__MATERIAL SHOWN__.
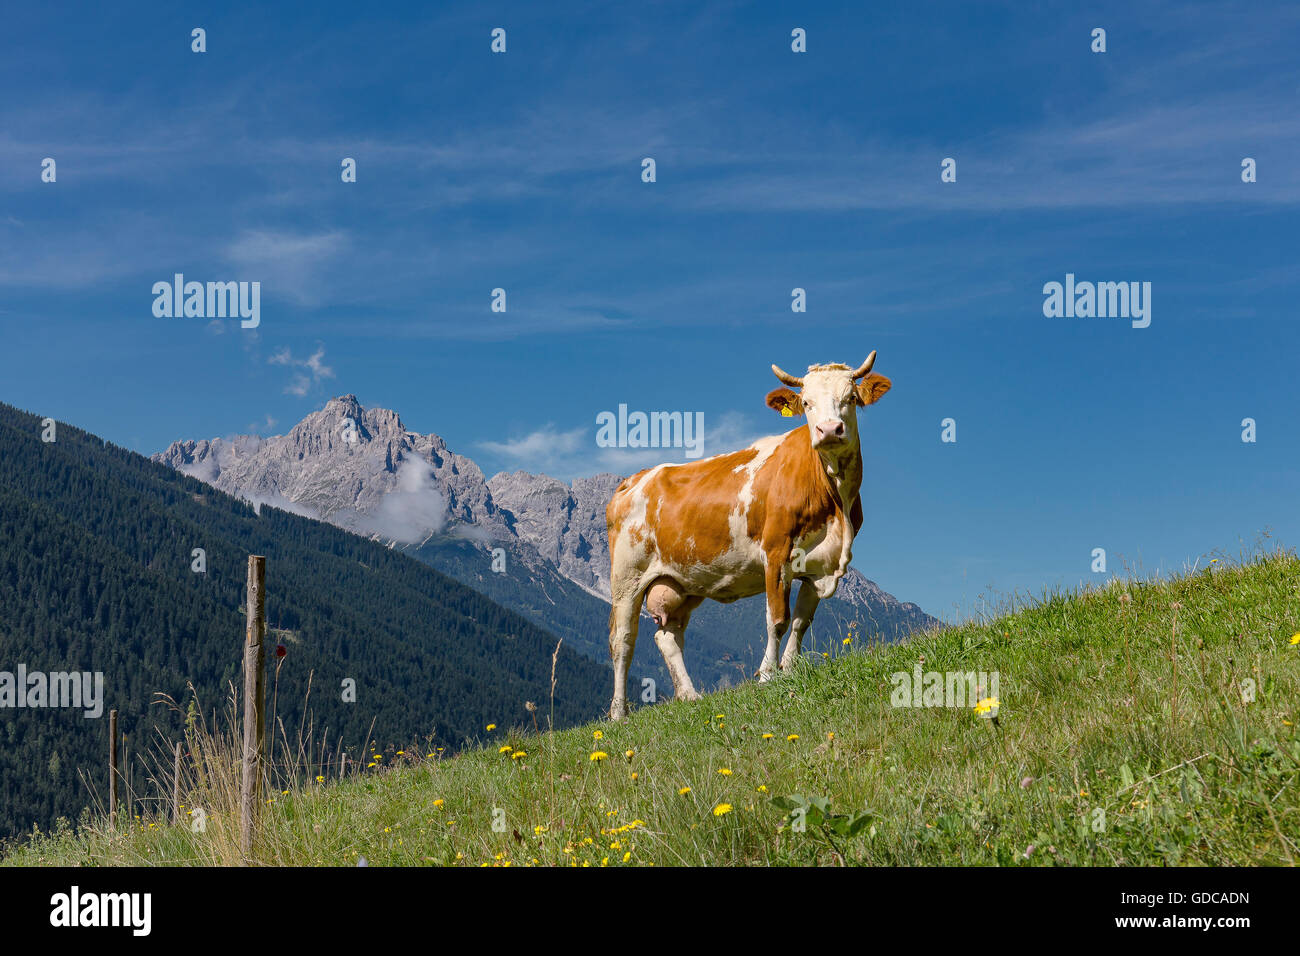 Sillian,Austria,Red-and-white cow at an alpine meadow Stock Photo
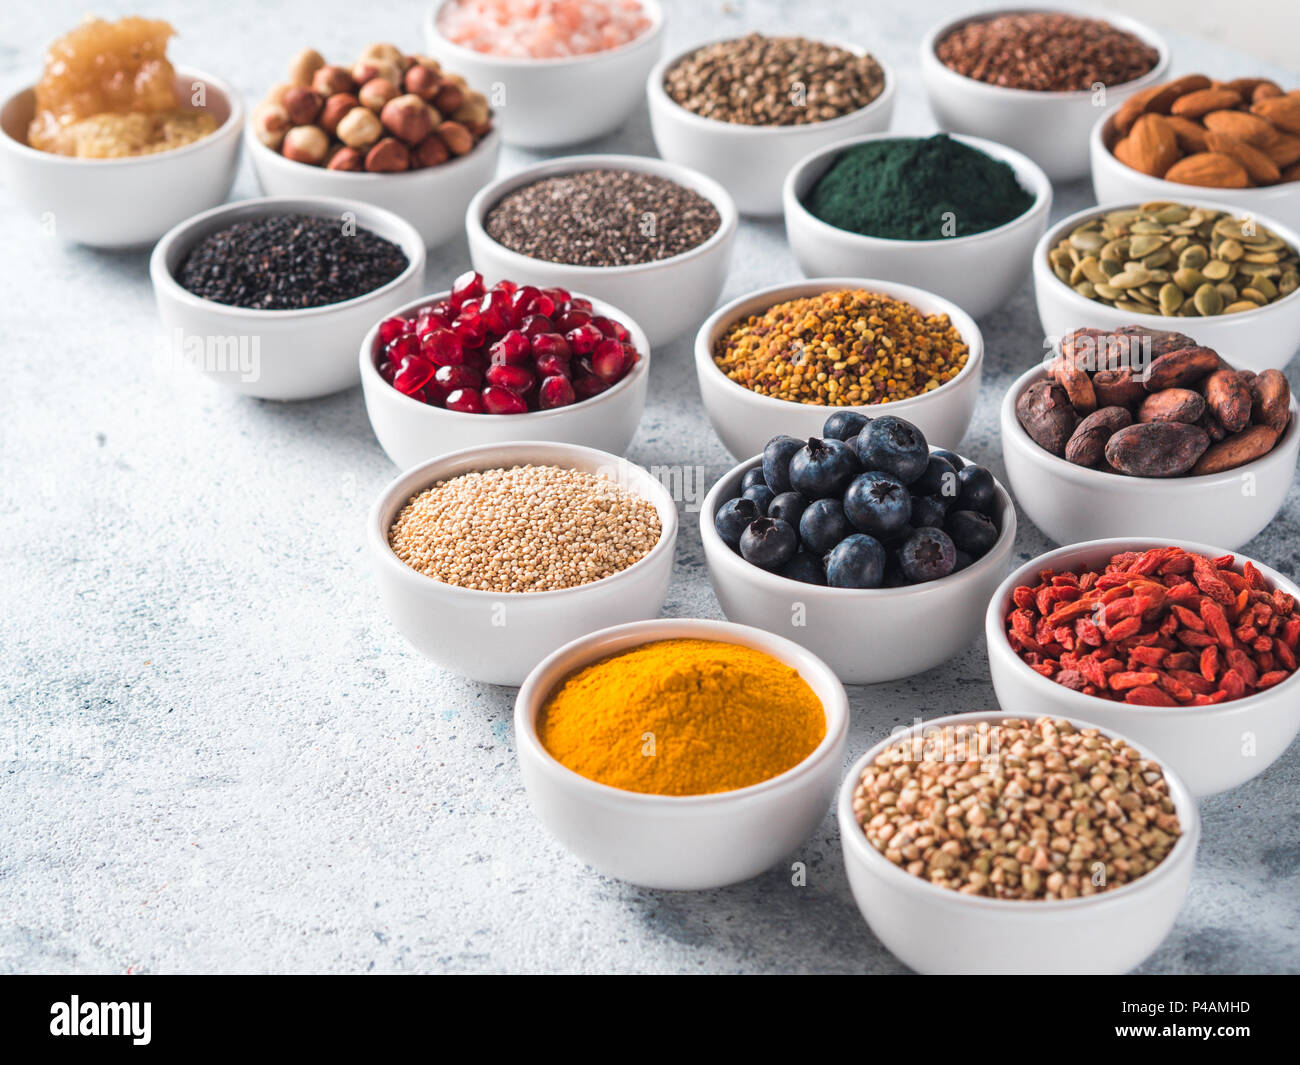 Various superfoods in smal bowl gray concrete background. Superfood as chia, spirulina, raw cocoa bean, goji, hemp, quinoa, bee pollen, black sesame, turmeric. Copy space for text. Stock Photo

* * *

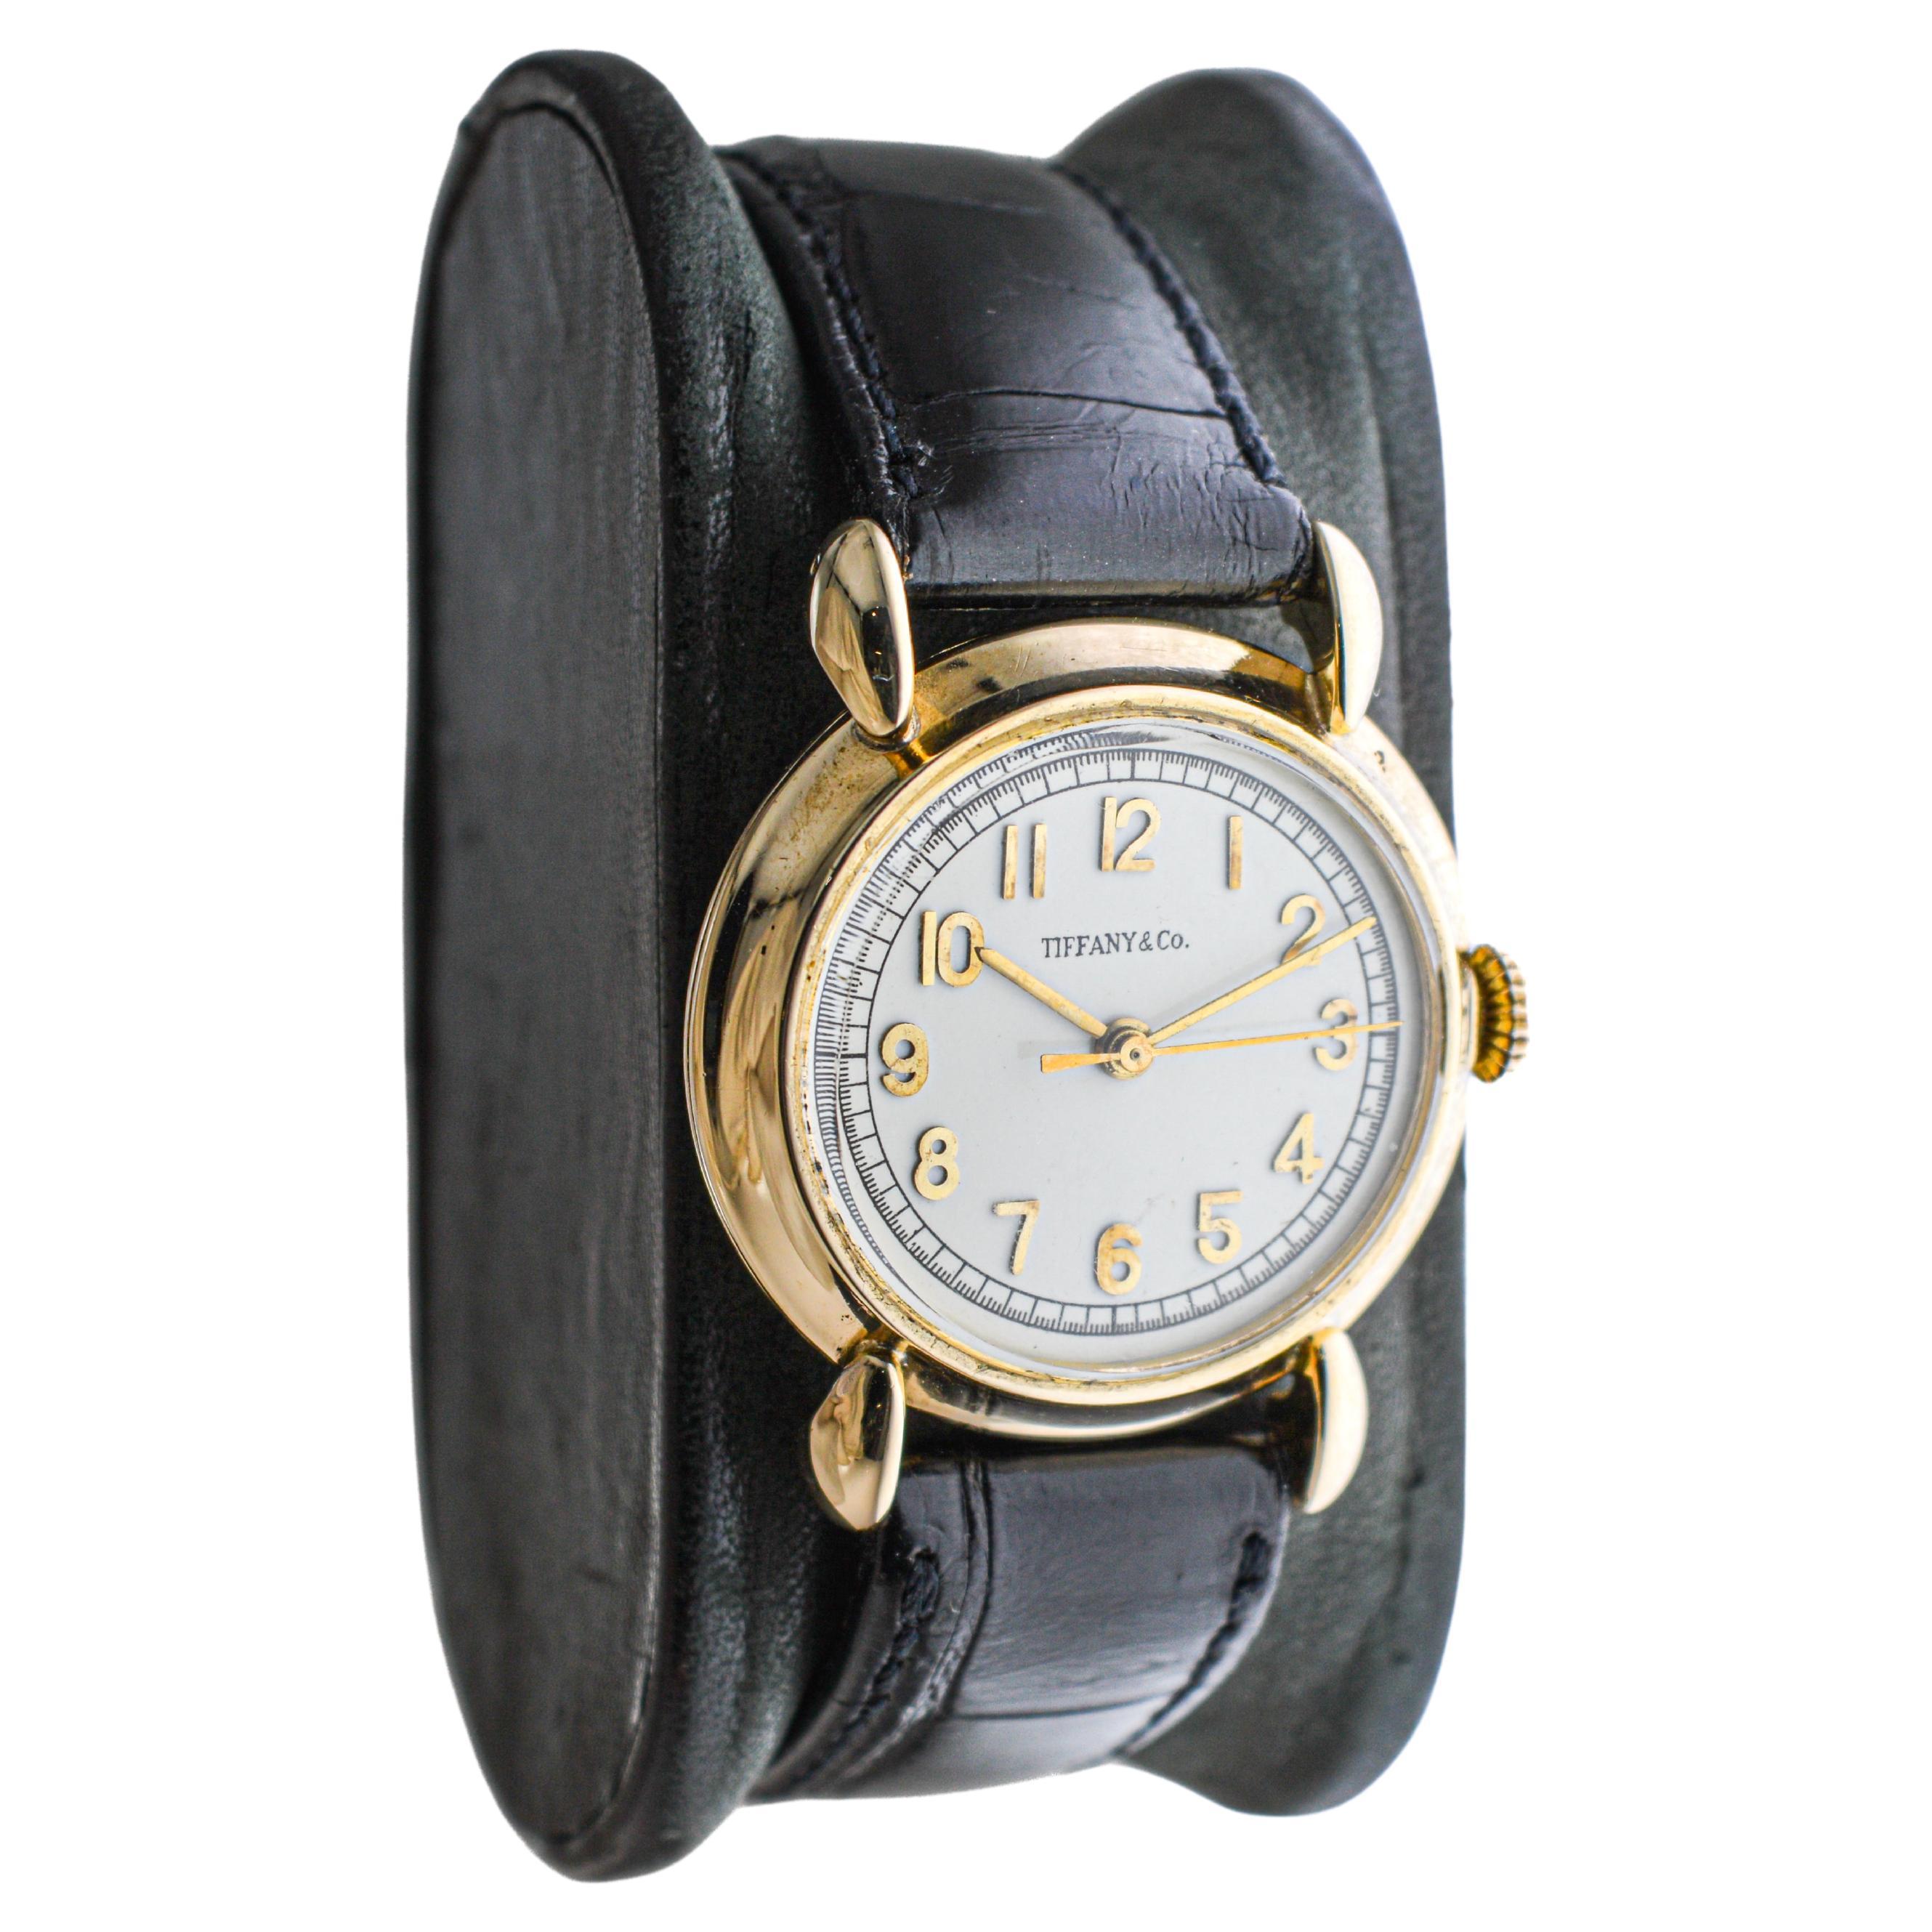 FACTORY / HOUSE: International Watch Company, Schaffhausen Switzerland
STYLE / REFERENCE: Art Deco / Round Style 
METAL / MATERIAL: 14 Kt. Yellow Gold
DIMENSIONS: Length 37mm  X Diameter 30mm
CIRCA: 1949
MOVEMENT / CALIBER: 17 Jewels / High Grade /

__ASSIGNMENT__. Please transcribe exactly the lines above from the line that has "METAL / MATERIAL: 14 Kt. Yellow Gold" up to and including the line that has "MOVEMENT / CALIBER: 17 Jewels / High Grade /"; no other line belongs in the answer.

__ANSWER SPACE__.
METAL / MATERIAL: 14 Kt. Yellow Gold
DIMENSIONS: Length 37mm  X Diameter 30mm
CIRCA: 1949
MOVEMENT / CALIBER: 17 Jewels / High Grade /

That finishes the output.